Re: Problems with Gambit



On Mar 25, 12:09 pm, "comp.lang.scheme" <phi50...@xxxxxxxx> wrote:

However, what impressed me was the performance of Larceny in a certain
class of problems that I am studying right now (I got a scholarship to
do the work of choosing a good Scheme or Common Lisp): Adaptative
filtering. Adaptative filtering is used to recognize signal patterns.
For instance, consider a guy who lost his arm. People pick an EMG
signal from his shoulder, and use it to discover how he wants to move
his prosthetic limb. When I was living in Logan, Utah, I saw a TV
program where a guy who could do almost everything with his prosthetic
arm. I was a student in Mount Logan Middle School, and I wrote a work
about the arm for a science assignment. My father also has a strong
interest in this kind of problem, and he helped me a lot. Things work
thus: Given a known signal, one must choose a bunch of functions, and
combine them in order to match the signal. The program creates random
functions, and tries to combine them. It chooses the functions that
require few coefficient to match the signal. When it faces an unknown
signal, it finds its coefficients.
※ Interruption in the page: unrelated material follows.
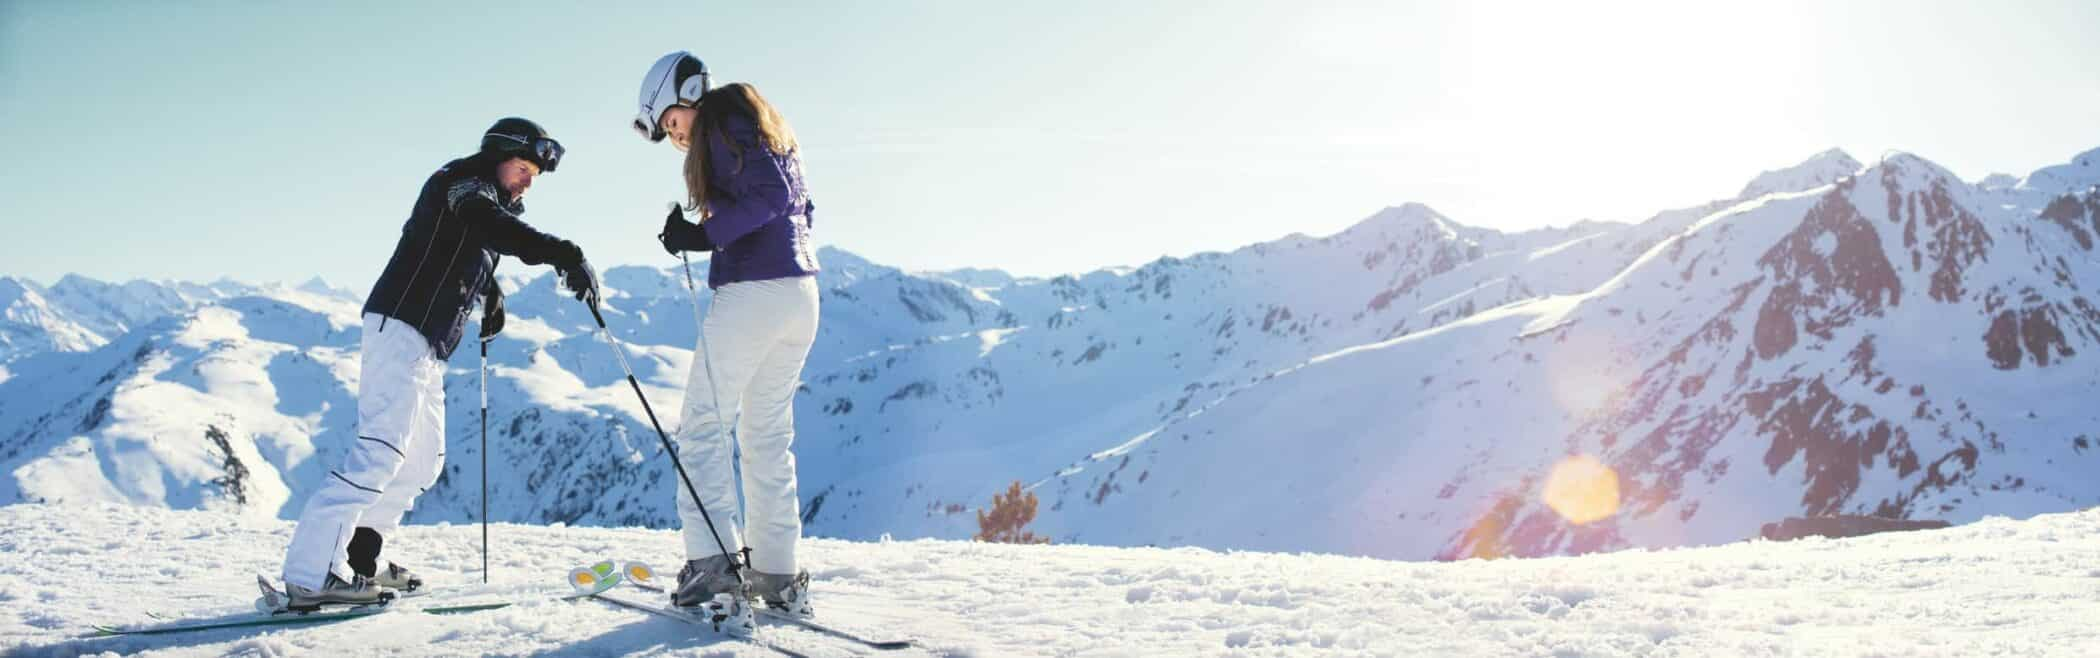 ZIllertal ski på toppen

If the coefficients match the ones
in its data base, it has recognized the signal, and must move the arm
accordingly. The math is well beyond my knowledge of the subject, but
I know that there are two approaches for dealing with the problem. One
of them uses a thing called genetic programming, and the other uses
adaptative filtering. My father, and his friend Dr. Lombardo, who work
with this branch of knowledge, say that the two approaches produce the
same result, but adaptative filtering is faster.

I picked a few programs for recognizing EMG signals, and tried them
using many Schemes. The first thing that I noticed is that Scheme does
not seem to have a standard. I needed to modify all programs to make
them run on different Schemes. However, the surprise was that the
Scheme that I thought that was very slow, proved to be the fastest for
this kind of problem: Larceny. It is interesting that adaptative
filtering uses large arrays to represent the EMG signal, and Larceny
did not show good performance in array benchmarks. Do you have an idea
why this is so? I guess that I didn't program Bigloo and Gambit
correctly, but I was lucky with Larceny. BTW, SBCL also has very good
performance when dealing with LMS.

I used Gambit for genetic programming to discover algorithms for image
processing. (This was with Jens Palsberg, James R. Lee, and Sudhakar
Mamillapalli back in the 90s.) Here we evaluate each program at each
pixel location, so for a 512x512 image each program was evaluated
262,144 times. There were 2,000 programs per generation, so we
evaluated 524,288,000 programs x data each generation.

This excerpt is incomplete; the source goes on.